Police charged a Chicopee, Massachusetts, woman with “wiretapping” for daring to record her own arrest on her smartphone, a new report reveals.
On May 11 Springfield police confronted Karen Dziewit, 24, for drunk and disorderly conduct near 140 Chestnut Street in Chicopee.
Police charge that as they attempted to force the woman to quiet down and stop her disruptive behavior, she activated the voice recording feature on the cell phone in her purse and recorded the arrest.
The belligerent woman was arrested and, upon taking the inventory of her belongings back at the station, police discovered that the cell phone was actively recording.
Police promptly charged Dziewit with “wiretapping,” as well as disorderly conduct and for having open alcohol on the street.
Massachusetts is one of those states that require two-party consent for recordings – meaning those being recorded have to be told they are being recorded and have to agree to the action before it is legal to do so.

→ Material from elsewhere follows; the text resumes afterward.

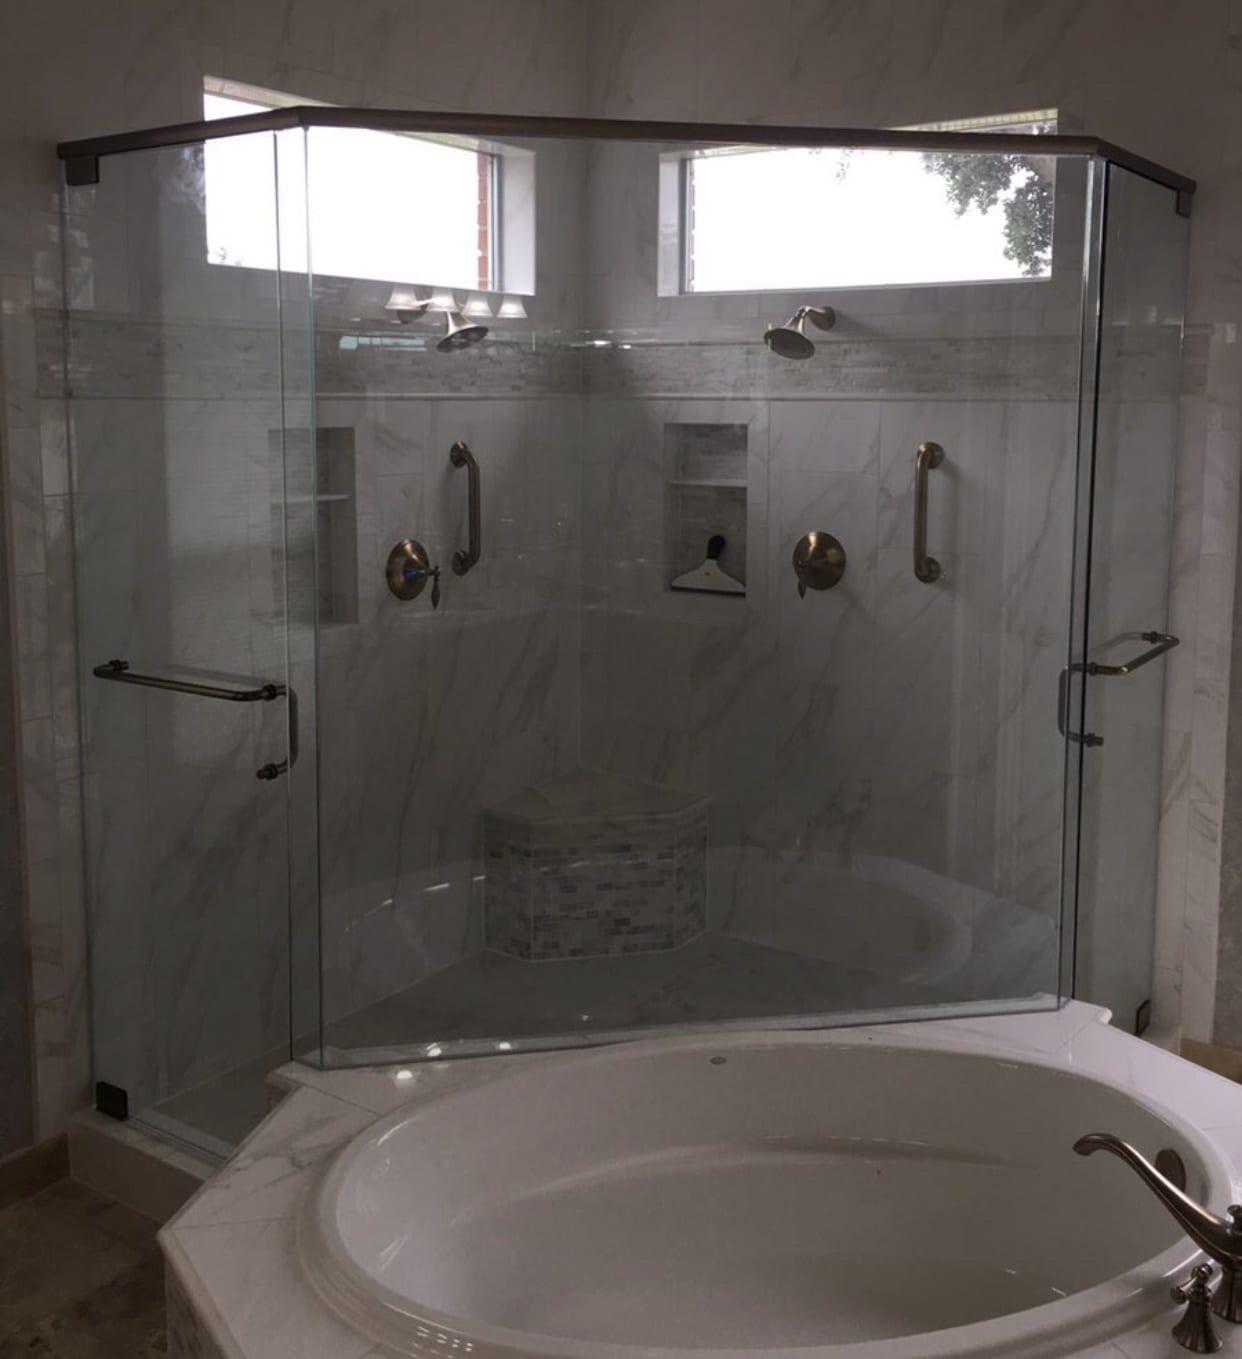 frameless shower doors img 2163 custom bathroom mirrors and decorative glass from Shower Doors of Nashville
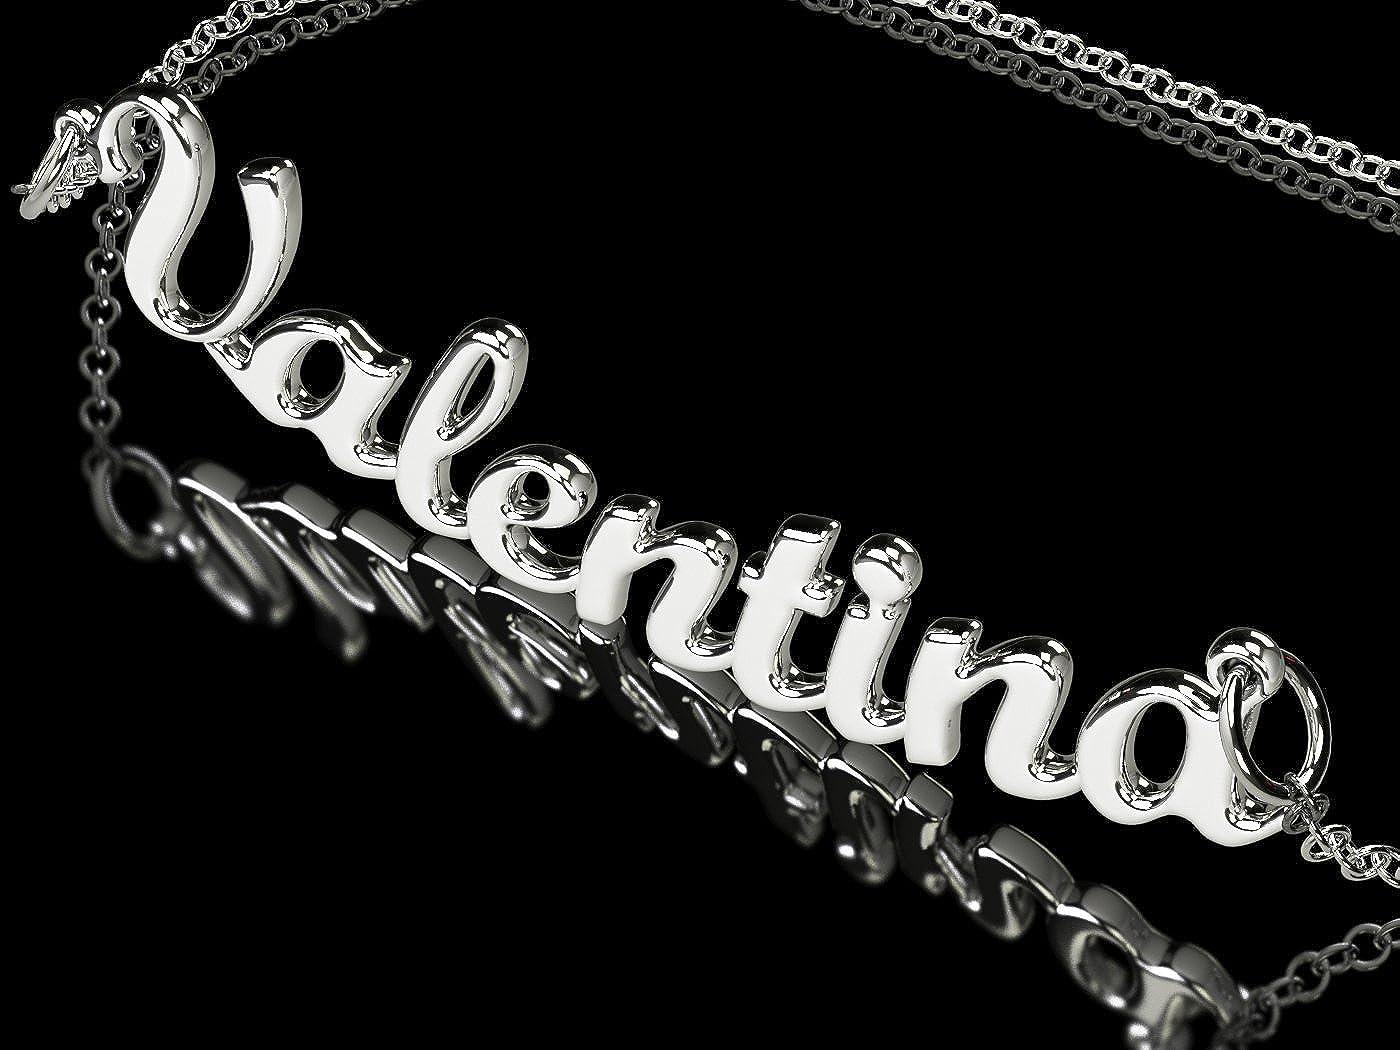 Collar con nombre Valentina de plata 925 rodeado antialérgico. Hecho en Italia. Modelo G10: Amazon.es: Joyería

The woman was released on her own recognizance the next morning.
This is just another case in a growing body of law about recording police as they carry on their duties in public.
As these cases mount, police are increasingly ending up on the wrong side of the law for charging people with a crime for recording them in public. Even in Massachusetts, a recent lawsuit against police was won by a man who was charged with wiretapping when he recorded his own arrest.
The Supreme Court of the United States has also sided with citizens who record police in public. In 2012 the SCOTUS refused to uphold an Illinois ban on citizens recording police, a decision that left standing a lower court ruling that the ban violated free-speech rights.
By 2014, the Illinois Supreme Court also struck down the recording ban, unanimously overturning the law they said “criminalizes a wide range of innocent conduct.”
Several other states have also ruled that it is legal to record police as they carry out their duties in public.